Data block =
-- Opening Marker --
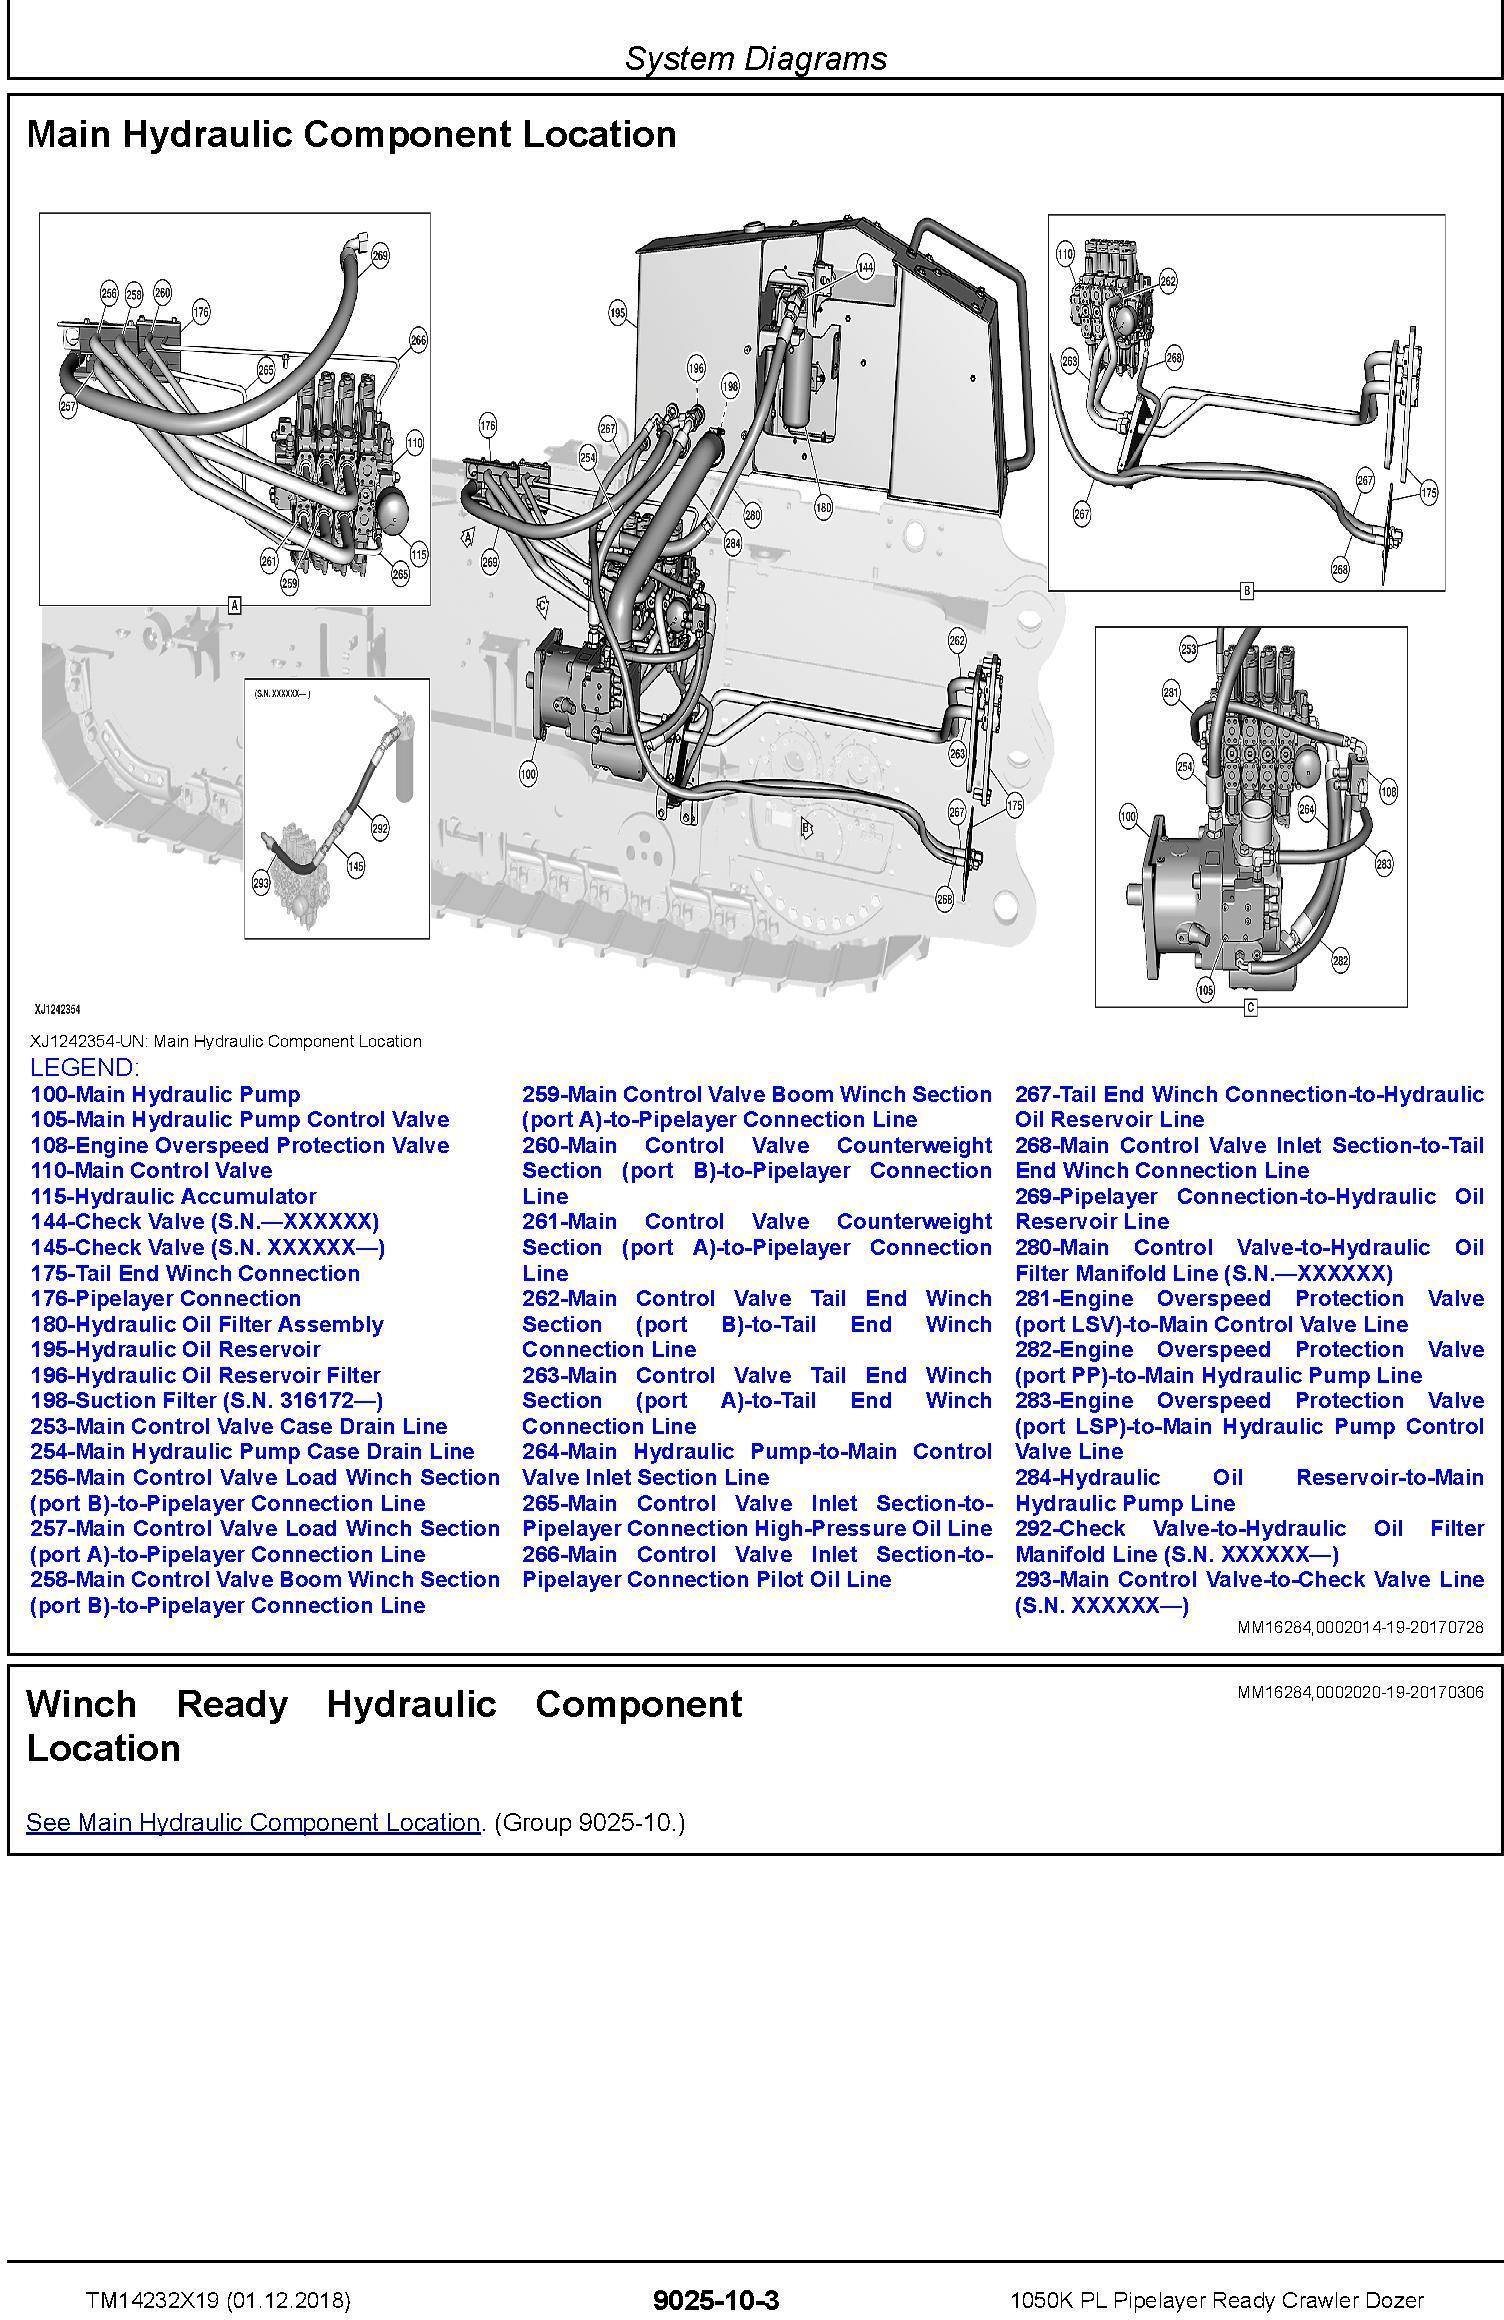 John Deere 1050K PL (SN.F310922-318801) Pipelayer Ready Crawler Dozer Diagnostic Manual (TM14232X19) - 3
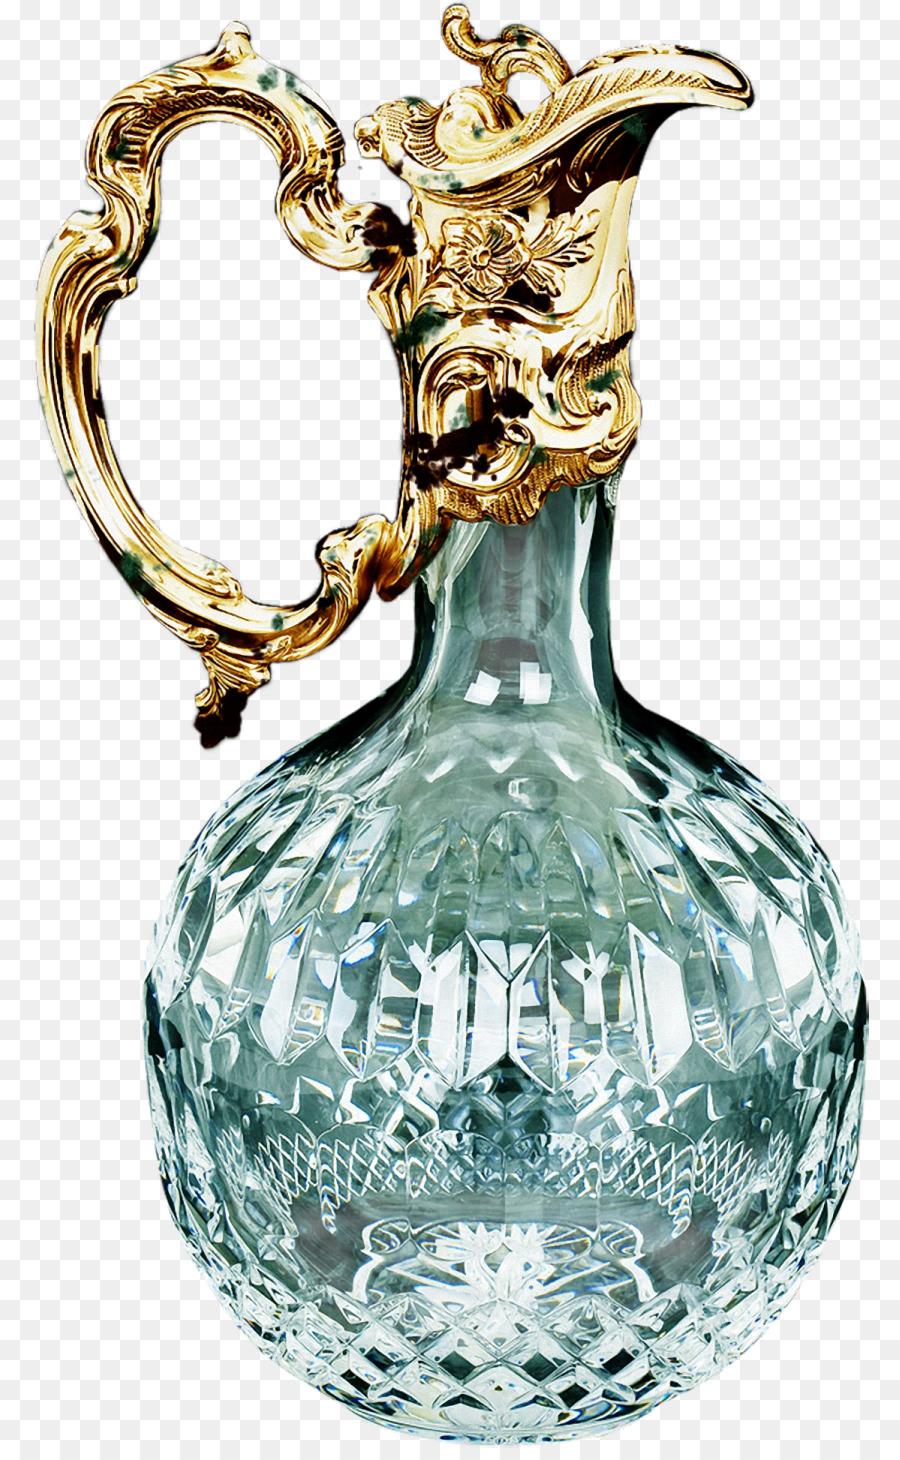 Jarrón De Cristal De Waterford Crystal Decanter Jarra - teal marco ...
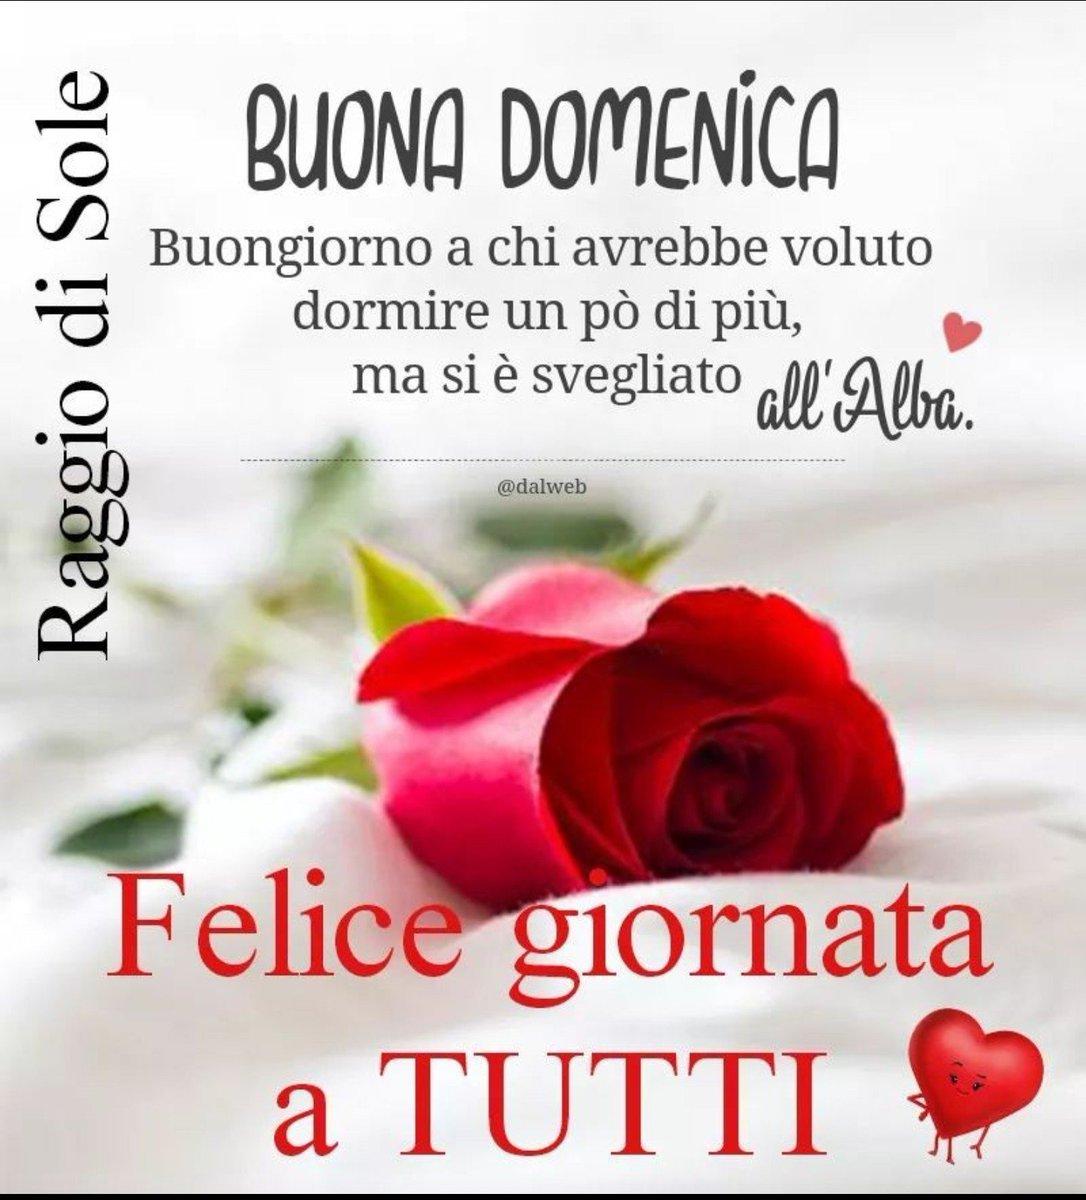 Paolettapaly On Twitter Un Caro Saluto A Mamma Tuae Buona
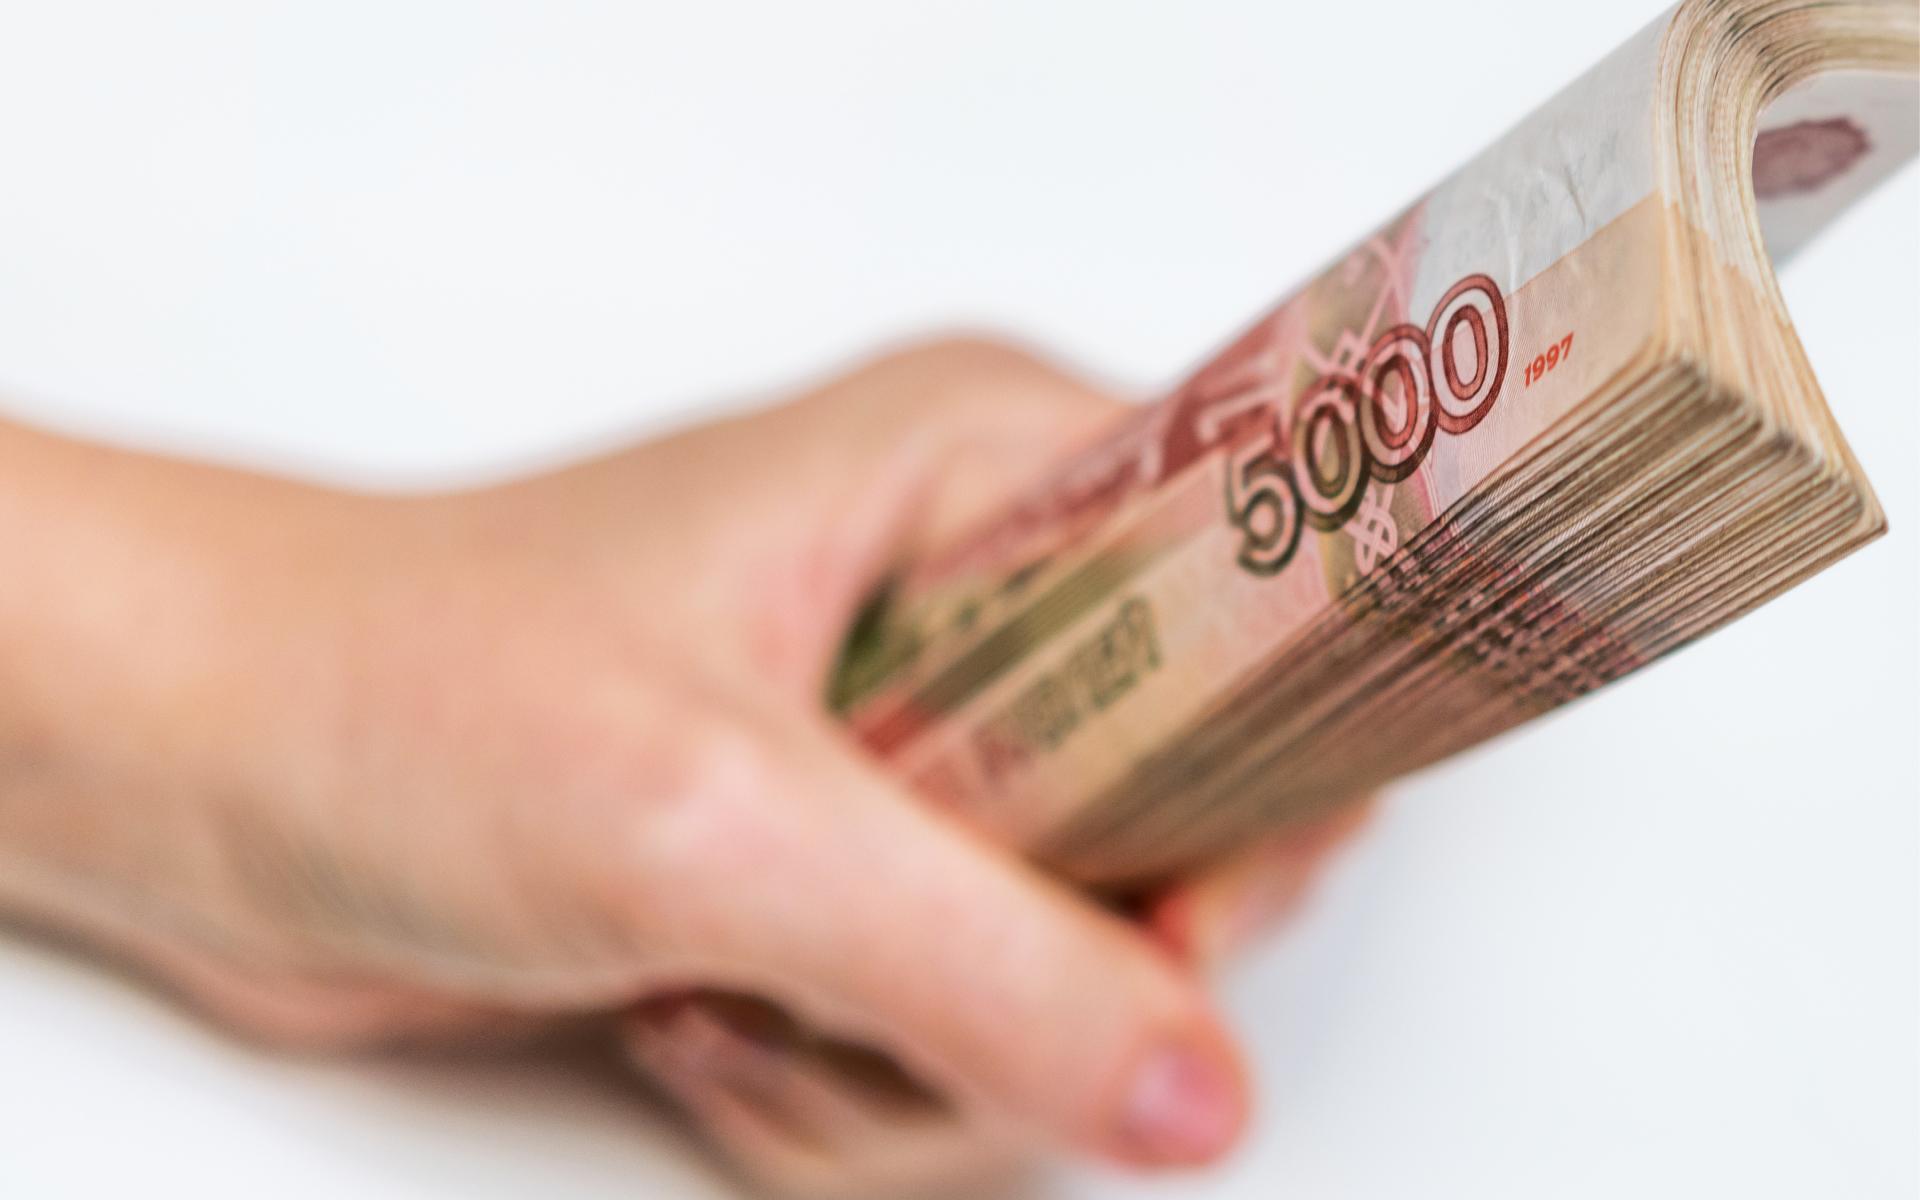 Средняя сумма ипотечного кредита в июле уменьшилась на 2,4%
-- Closing Marker --
Work to be completed =
Your reply should hold only the lines running from the one with "Jarrón De Cristal" to the end of the data above, set down exactly, pictures omitted.

Task answer =
 Jarrón De Cristal De Waterford Crystal Decanter Jarra - teal marco ...
 Paolettapaly On Twitter Un Caro Saluto A Mamma Tuae Buona
 Средняя сумма ипотечного кредита в июле уменьшилась на 2,4%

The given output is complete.